[Exercise details]
When you reach the line containing "Shining Force Resurection of Dark Dragon", begin reproducing the lines exactly and continue through the end of the listing, leaving out the pictures.

Collected material Start Marker

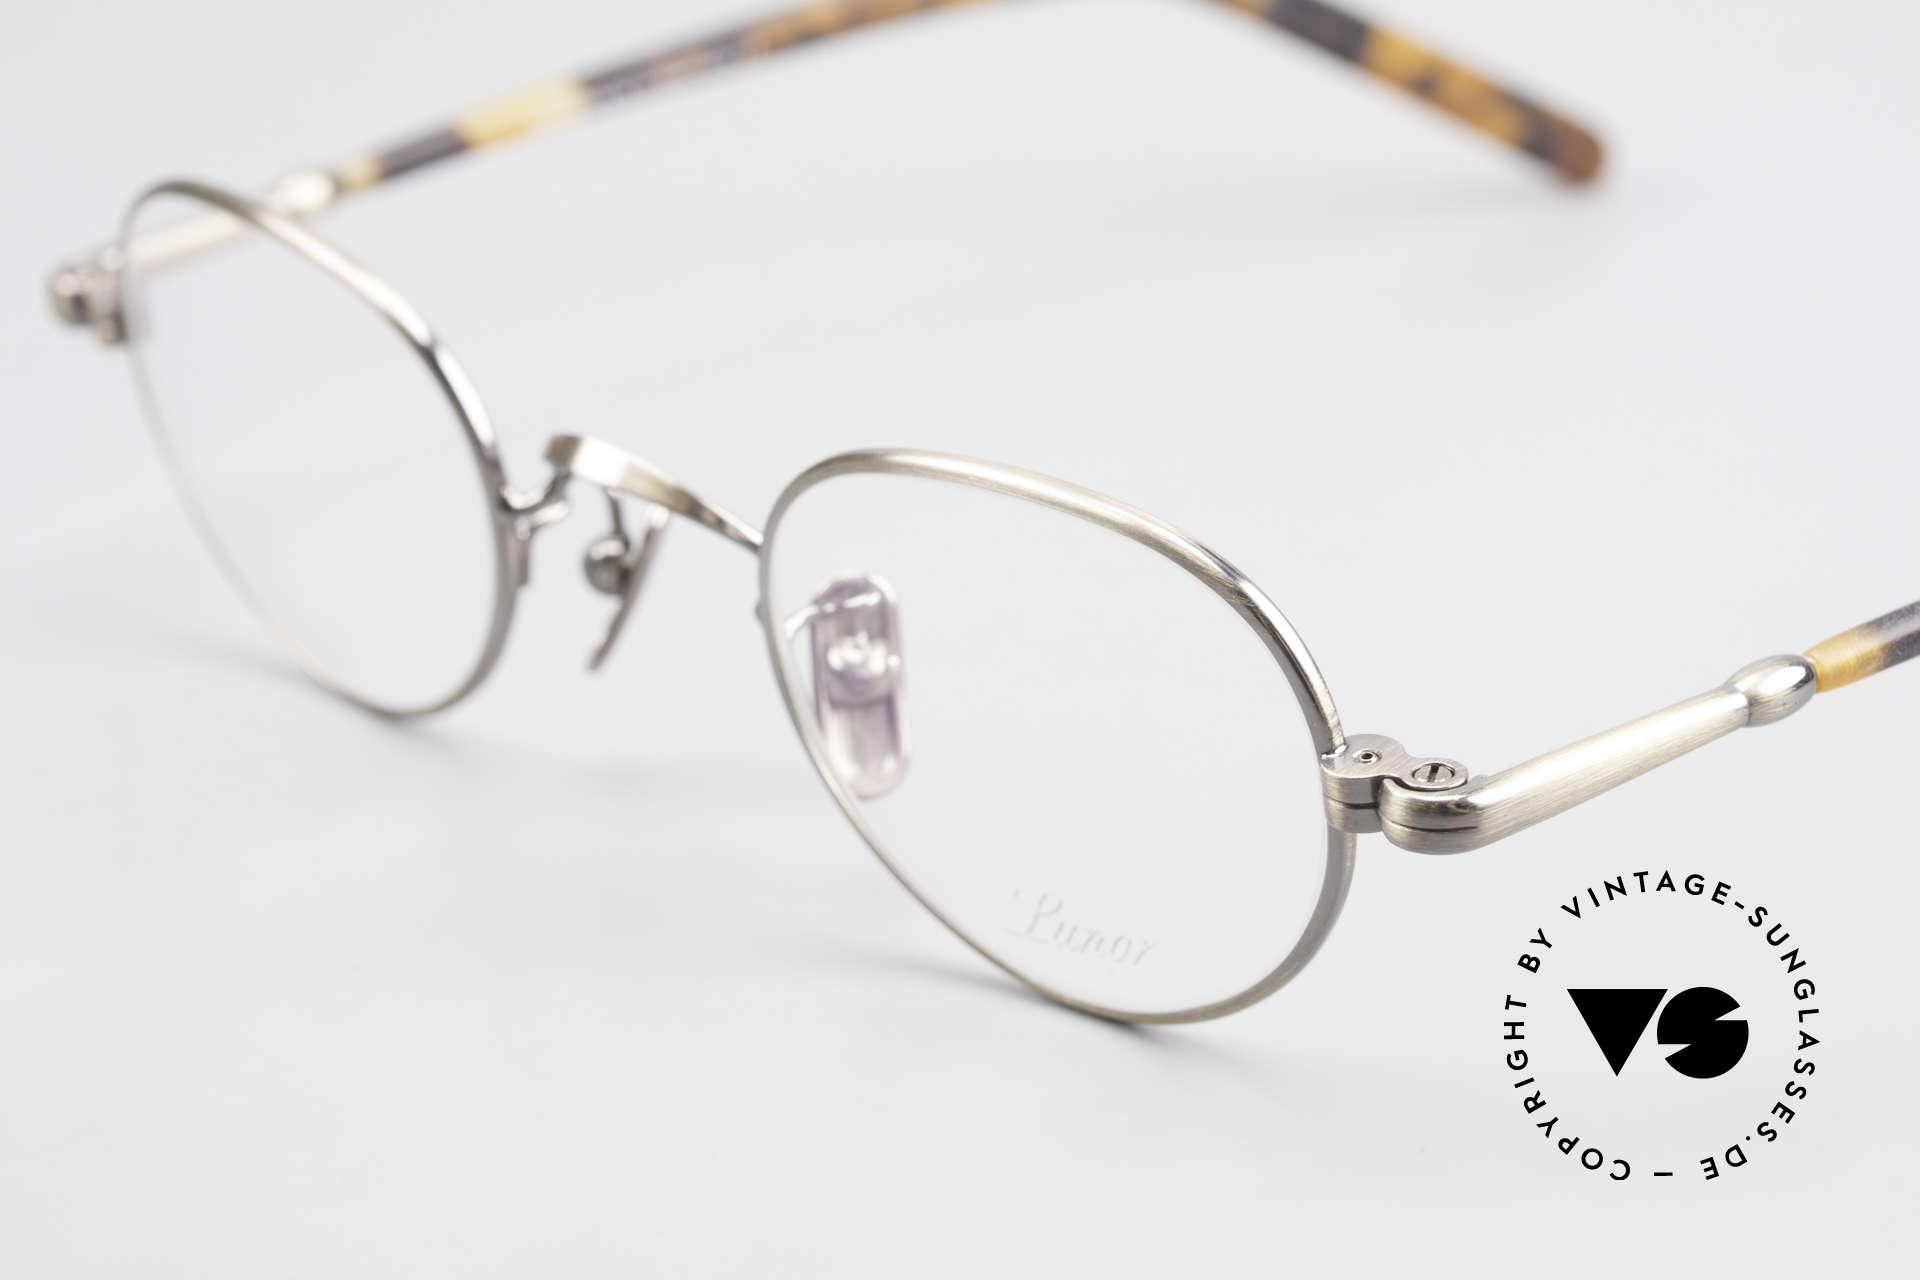 Lunor VA 103 Lunor Brille Altes Original, Model VA 103: Bügel aus einer Acetat-Metallkombi, Passend für Herren und Damen
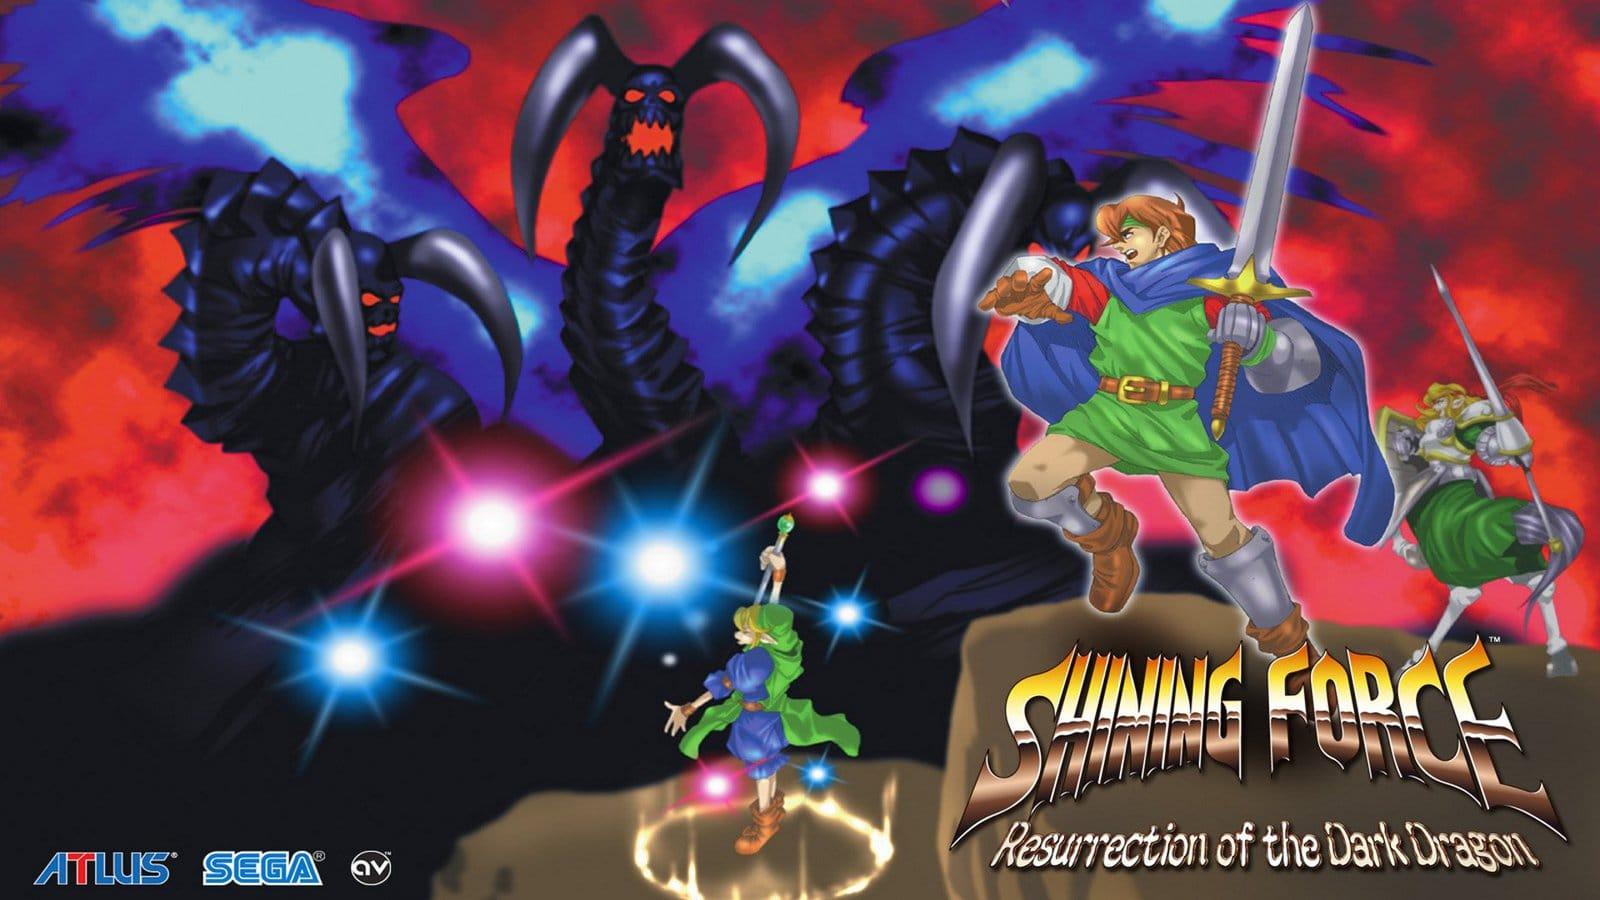 Shining Force Resurection of Dark Dragon
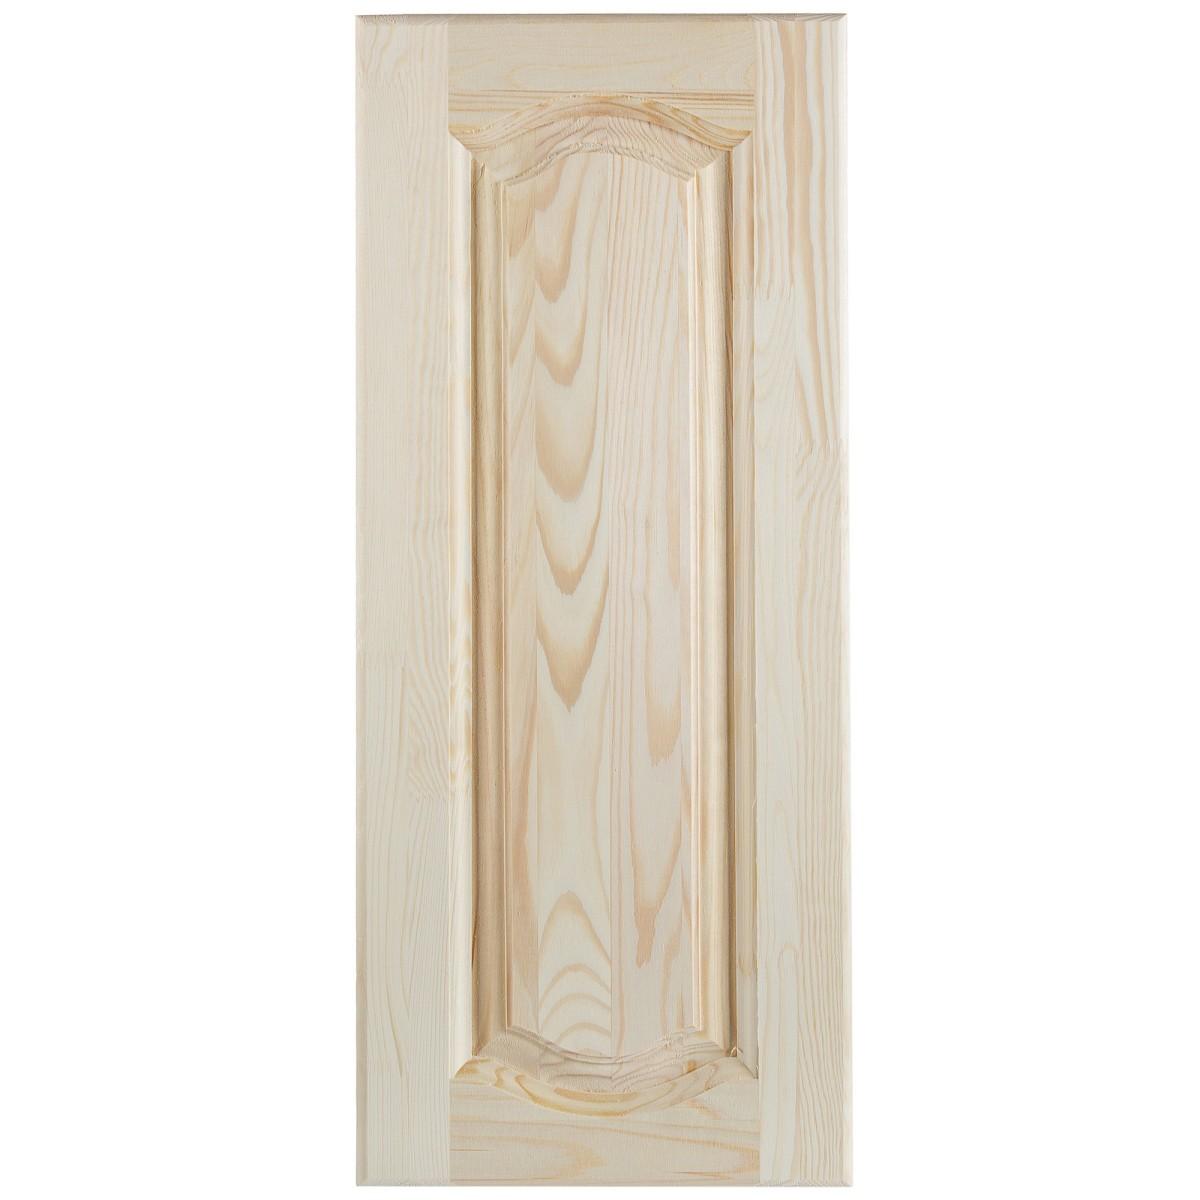 Фасад шкафа хвоя 716х296х18 мм глухой
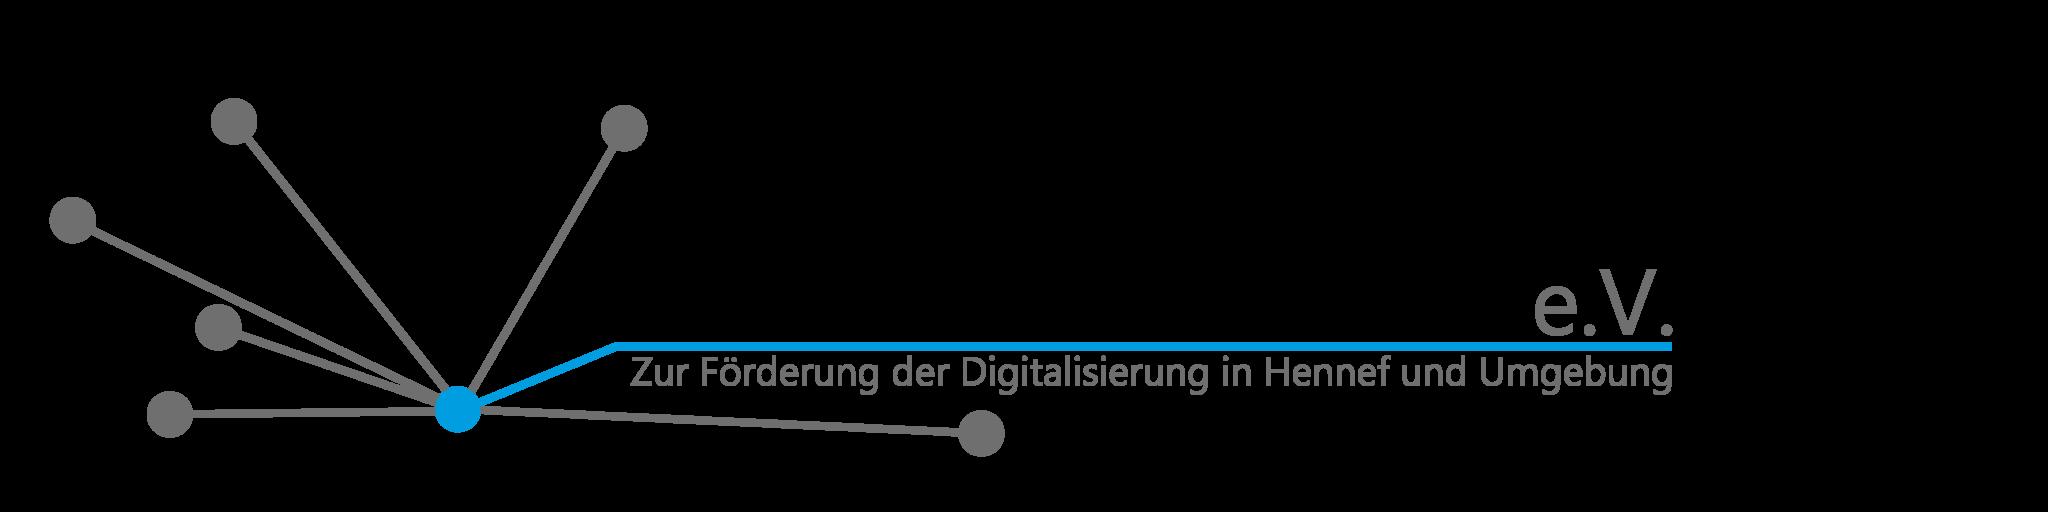 logo_final_trans

Collected material End Marker

[Exercise result]
 Shining Force Resurection of Dark Dragon
 Фасад шкафа хвоя 716х296х18 мм глухой
 logo_final_trans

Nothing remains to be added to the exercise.